Il est tout à fait imaginable que, pendant que nous parlons de mettre en place ces dispositifs au service de la médecine de précision et du citoyen, des géants du Web, qui disposent d’une puissance informatique colossale, fassent de même de manière officieuse et peut-être plus rapidement pour leur propre profit. Autant le patient est sourcilleux, pour de bonnes raisons d’ailleurs, lorsqu’il s’agit de signer de la paperasse concernant le consentement éclairé – indispensable dans la médecine moderne –, autant il donne facilement son accord aux conditions générales via un simple clic sur l’écran de son téléphone.
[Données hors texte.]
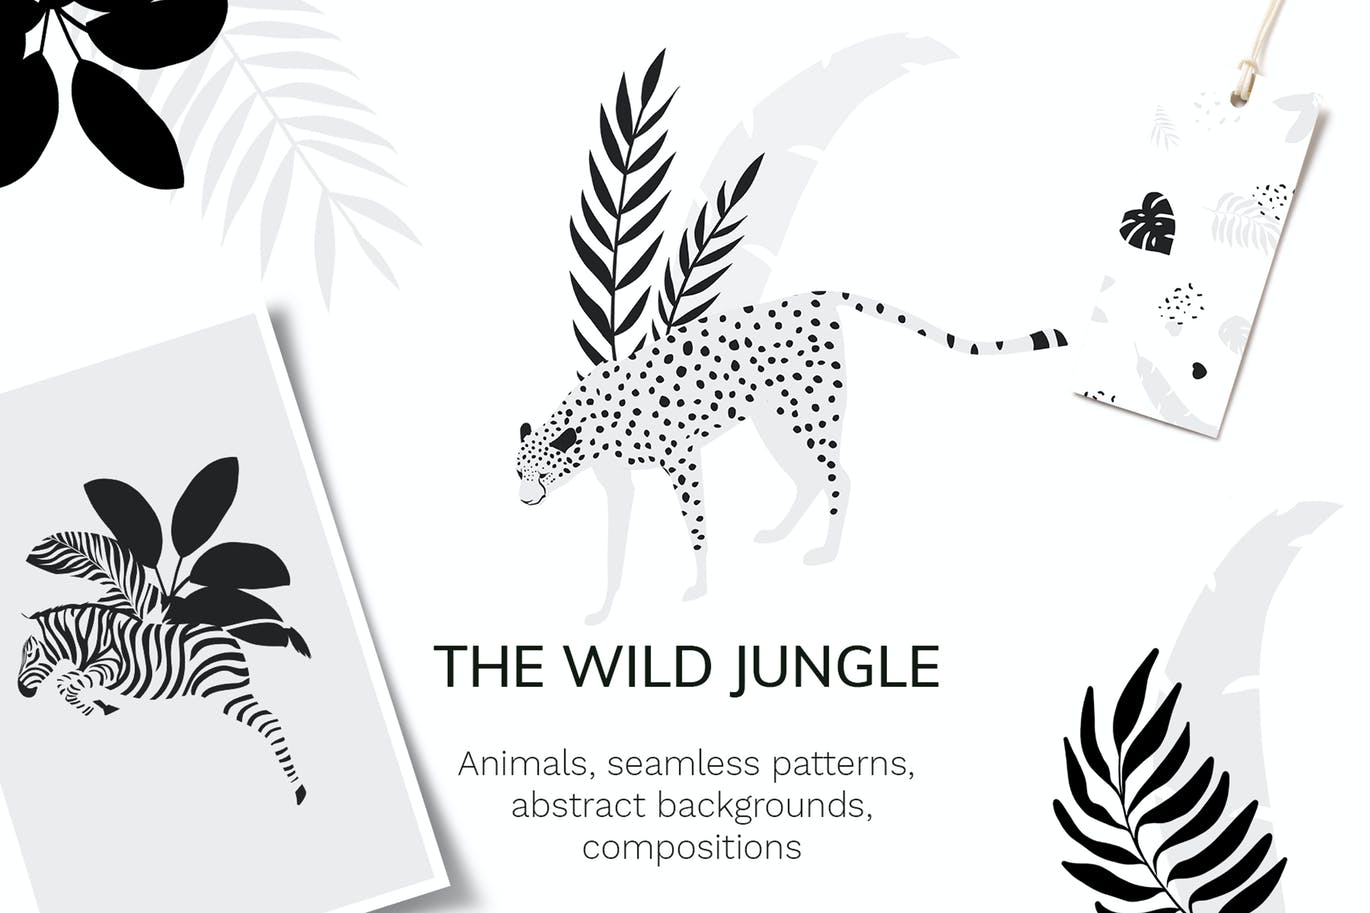 热带图案和动物剪贴画 Tropical patterns & animals clipart 图片素材 第1张

Cela donne à ces compagnies la possibilité de récolter des données sur des centaines de millions de personnes qui vont de la vitesse à laquelle elles tapotent sur leur écran (révélateur de leur état mental) aux battements du cœur et au nombre de pas quotidiens (via des applications de mise en forme physique), en passant par toutes les informations que les usagers transmettent volontairement, dont la mise à disposition de leur génome entier (dans le cas de la société 23andMe qui offre pour 100 dollars une analyse d’ancestralité). Il est stupéfiant de voir ce qu’on peut tirer comme métadonnées à partir d’actions en ligne à première vue banales. Le service public, lui, n’est pas vraiment équipé pour cela.


Quand vous effectuez une analyse du génome, comment communiquez-vous les résultats au patient ?

Ces modalités sont discutées avant le test. La majorité des patients ne souhaitent pas être informés si l’on trouve chez eux un de ces fameux variants de signification clinique inconnue. Ils savent que nous n’en tenons pas compte tant que nous ne pouvons pas conclure s’ils sont causaux ou pas. En revanche, il y a plus d’intérêt pour certaines données dites incidentelles, c’est-à-dire la découverte fortuite d’une mutation connue pour une maladie que l’on ne soupçonnait pas. Dans ce genre de cas, il y a évidemment un bénéfice immédiat à être au courant, à la fois pour le patient et pour les membres de sa famille qui partagent le même trait.


En poussant la médecine génétique à l’extrême, ne risque-t-on pas de faire exploser les coûts de la santé ?

C’est en tout cas une des craintes du politique. Et cette crainte est légitime si parmi une centaine de patients suivant un traitement général, une dialyse par exemple, on en prend subitement 17 qui, sur la base d’une analyse génétique, devraient suivre un traitement personnalisé qui coûte 500 000 francs par an et par personne, soit une augmentation de 8,5 millions de francs par an. Cela dit, la médecine génétique fait aussi gagner du temps et de l’argent. En posant un diagnostic correct et précoce, on raccourcit l’errance médicale. Un autre article, paru le 10 octobre 2018 dans le New England Journal of Medicine, a démontré que la médecine génétique permet d’économiser de cette façon jusqu’à 90% des coûts de la santé.